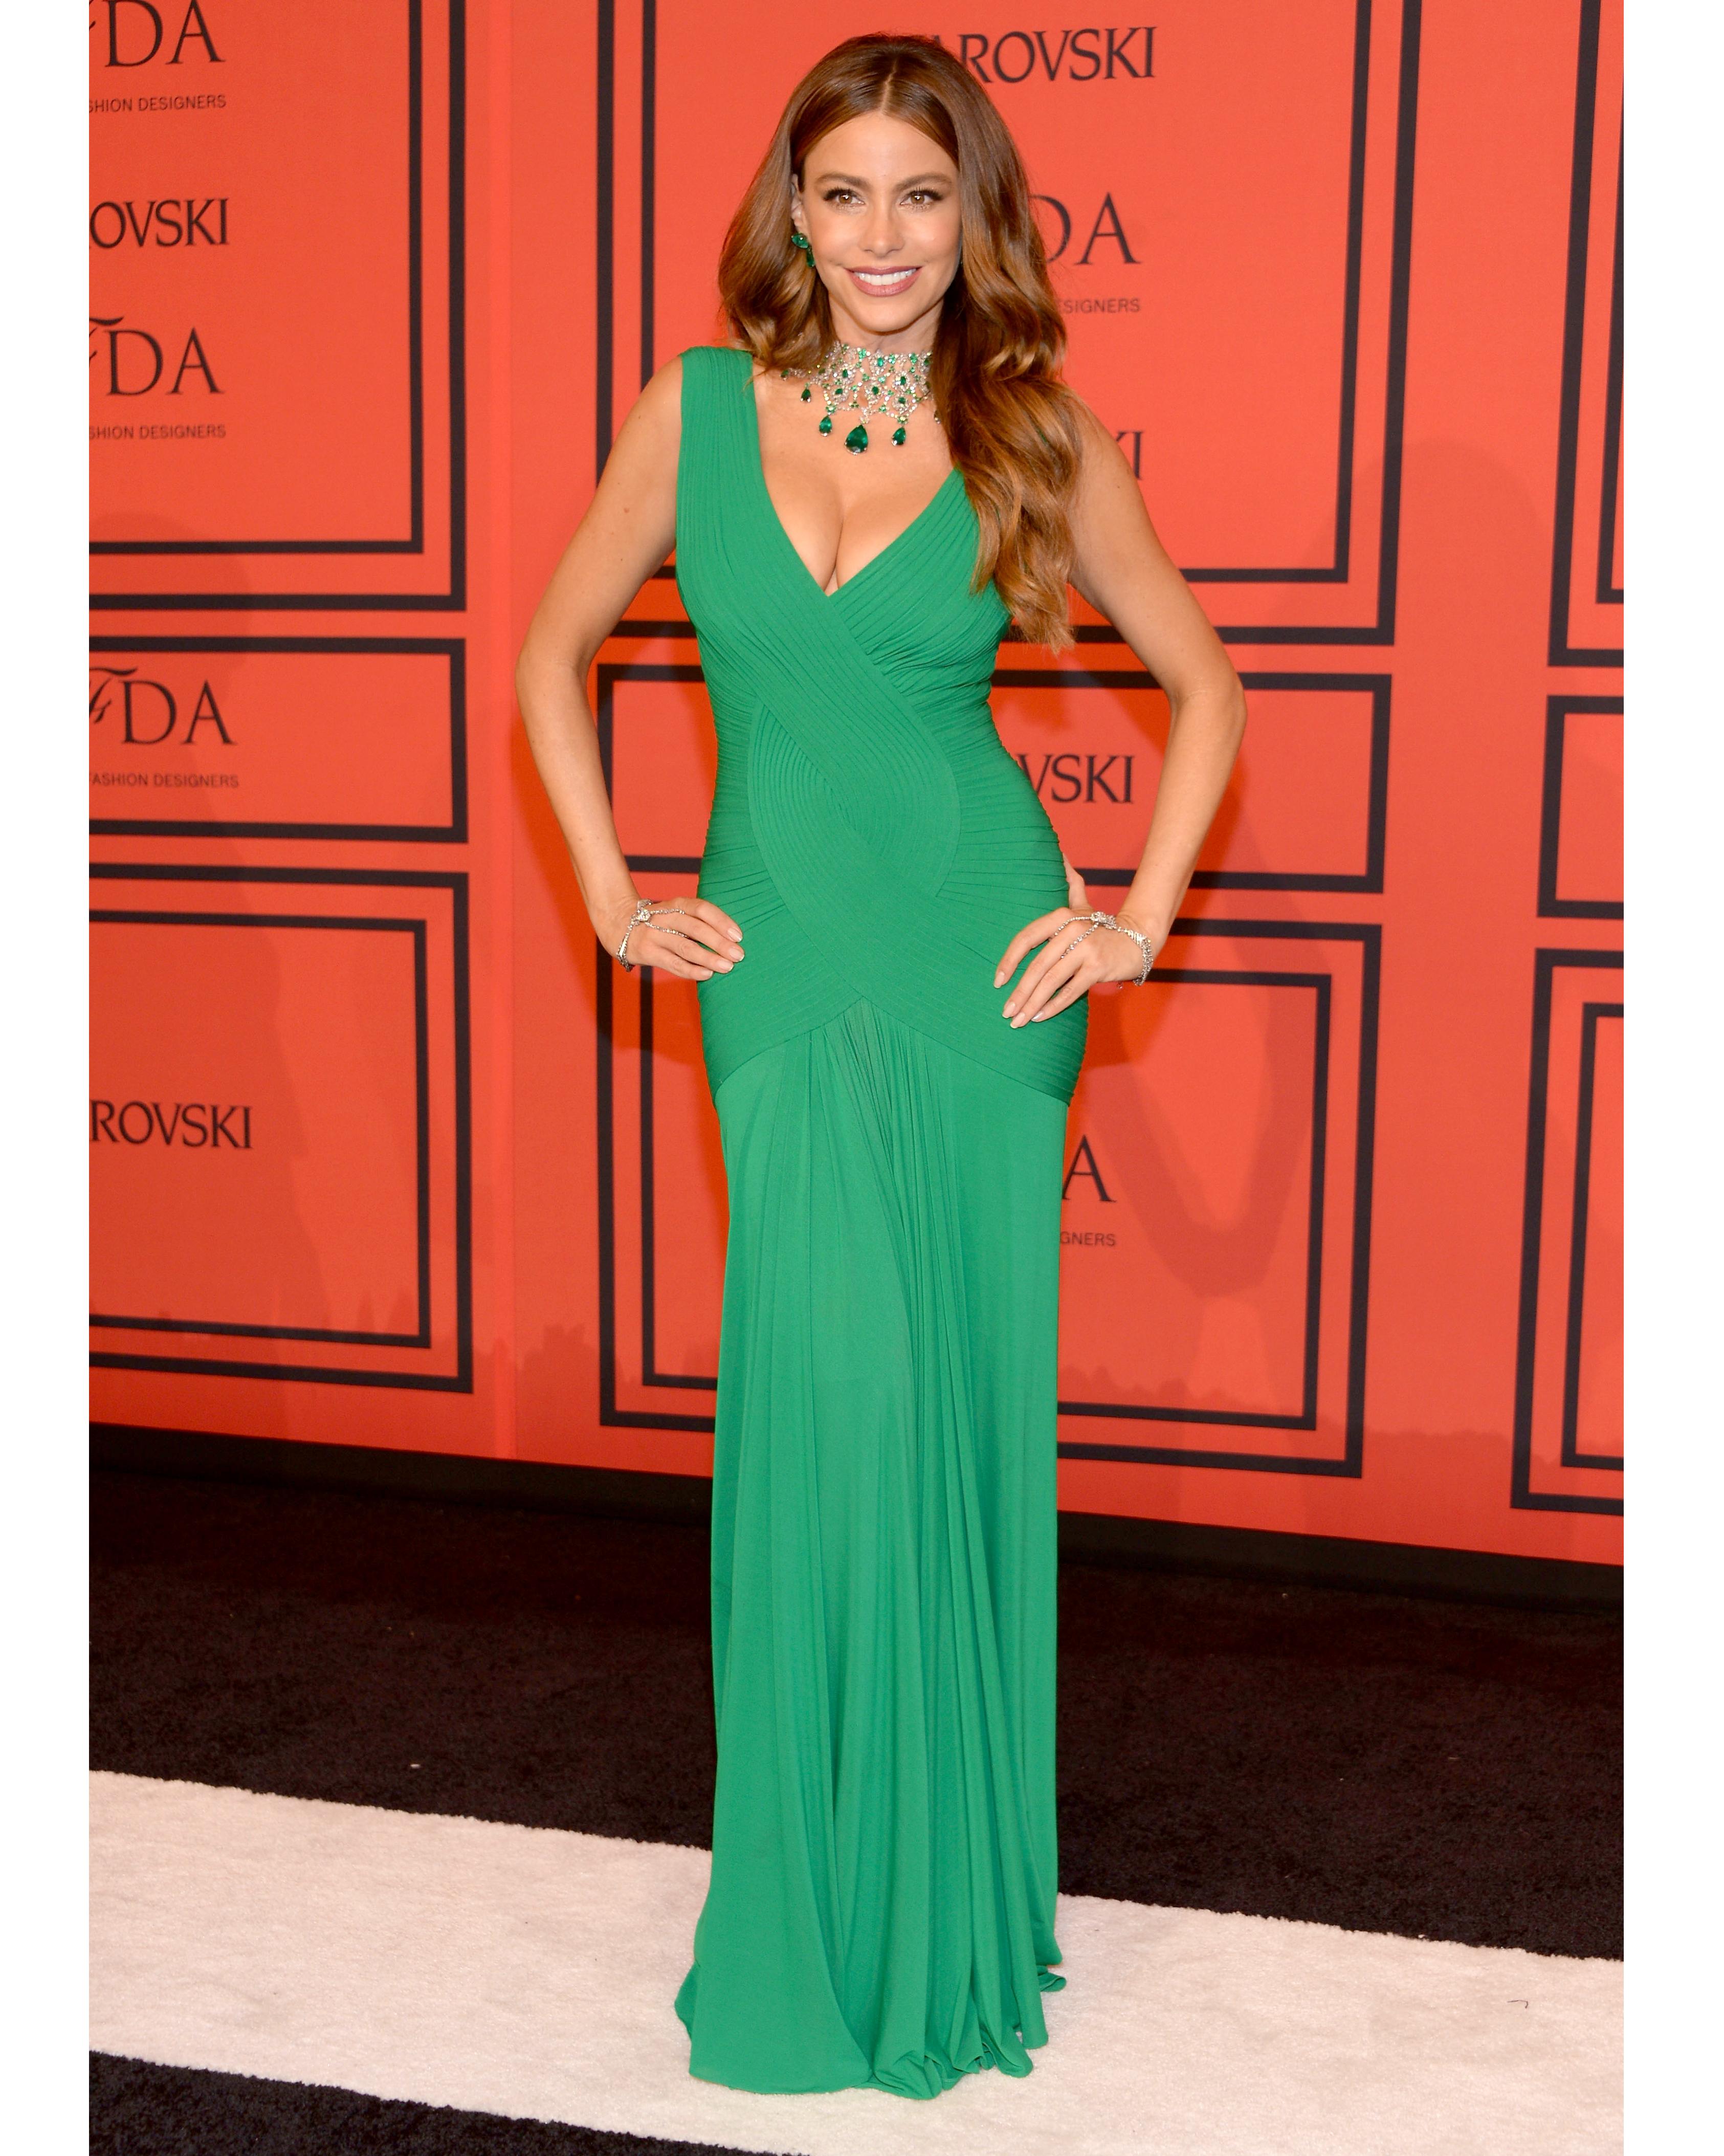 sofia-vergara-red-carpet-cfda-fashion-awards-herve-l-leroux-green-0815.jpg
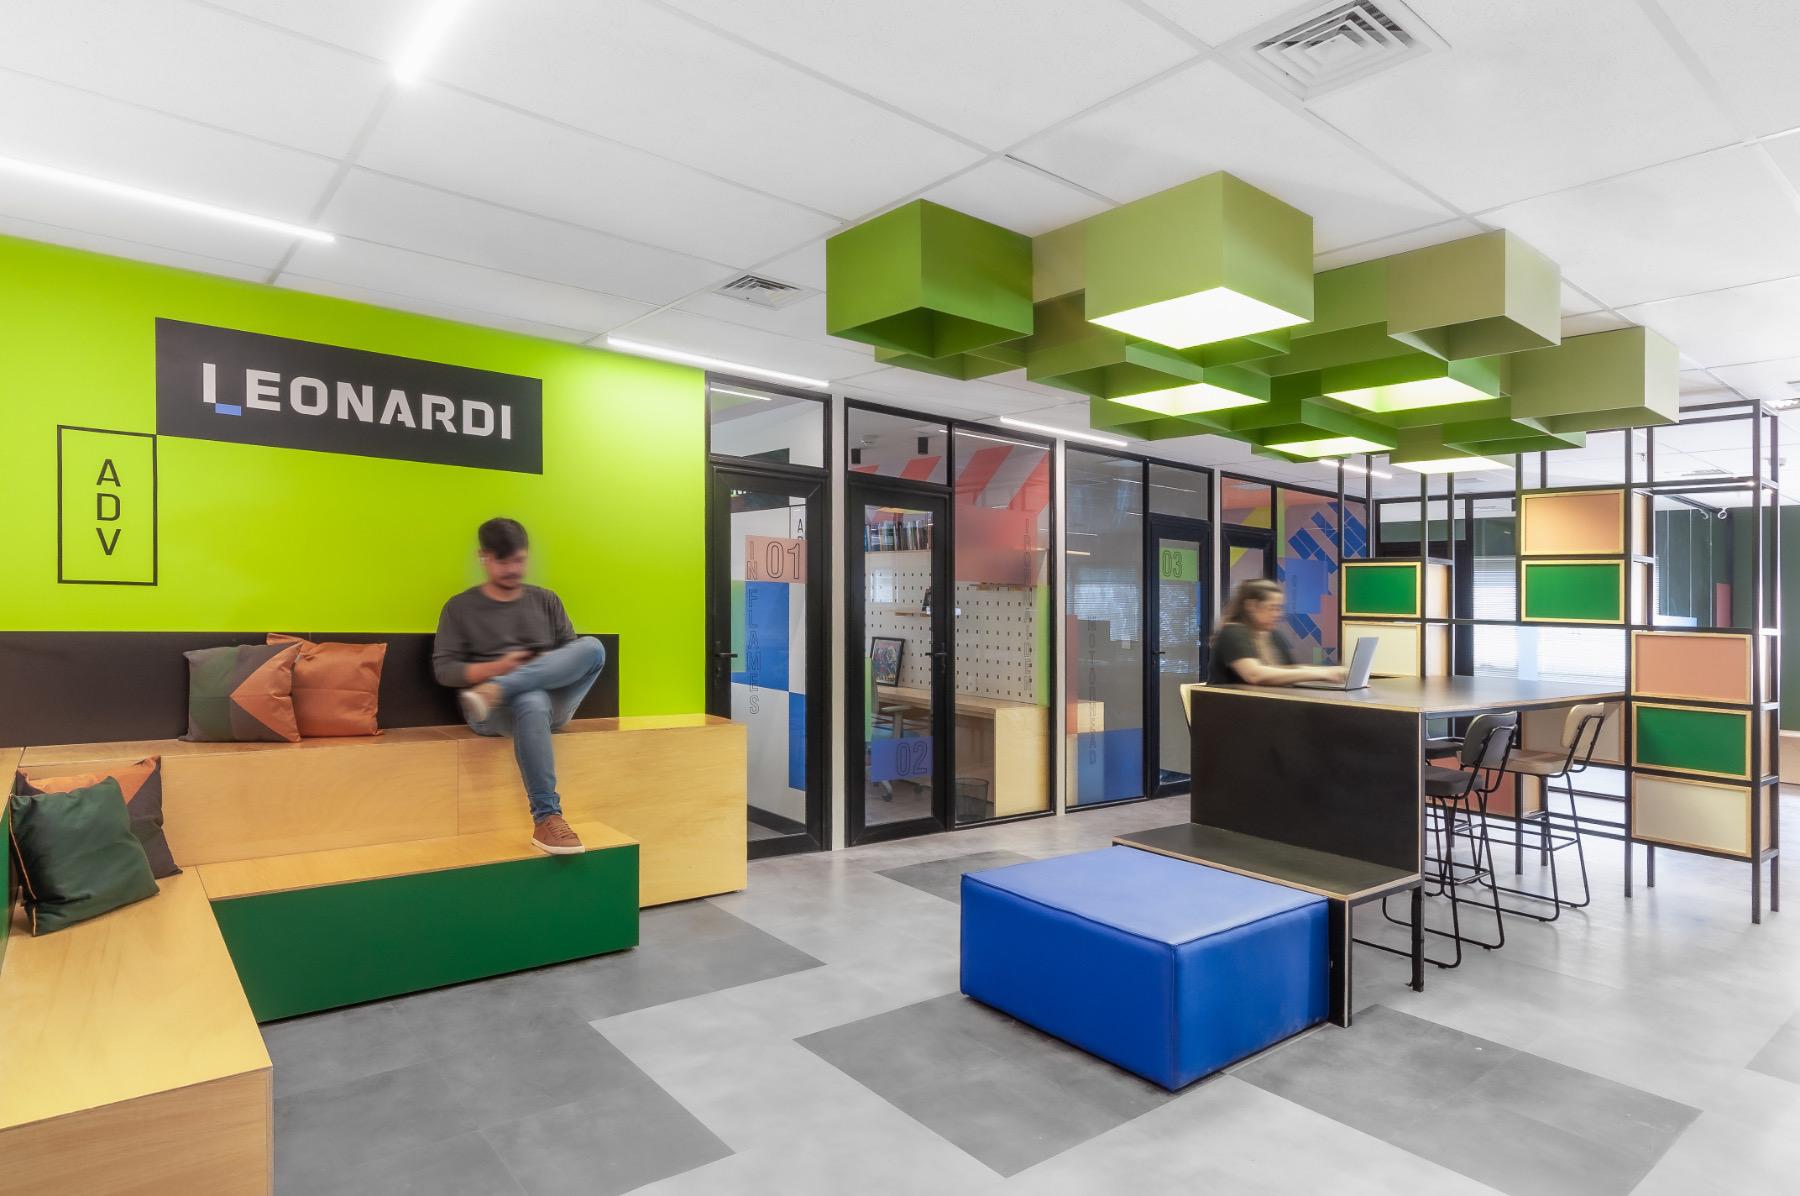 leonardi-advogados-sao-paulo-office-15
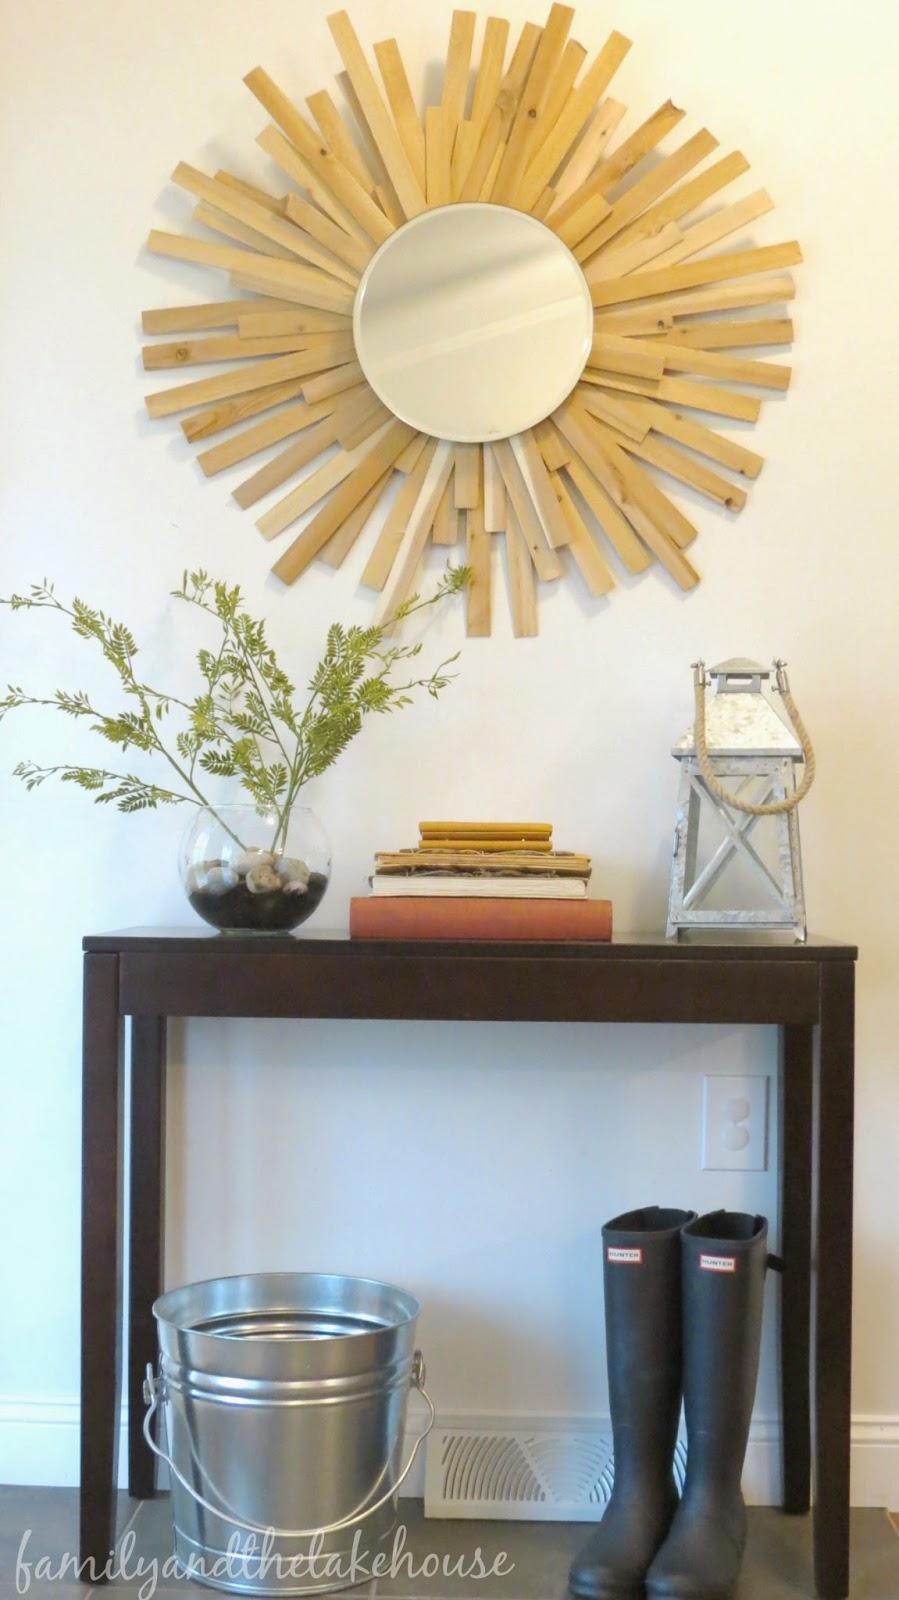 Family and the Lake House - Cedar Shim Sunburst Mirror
+ + + + +
▶ _Exercise prompt_
Leave out all pictures and extract exactly the lines from the line with "leonardi-advogados-sao-paulo-office-15" through the end of the material.

▶ _Exercise result_
 leonardi-advogados-sao-paulo-office-15
 Family and the Lake House - Cedar Shim Sunburst Mirror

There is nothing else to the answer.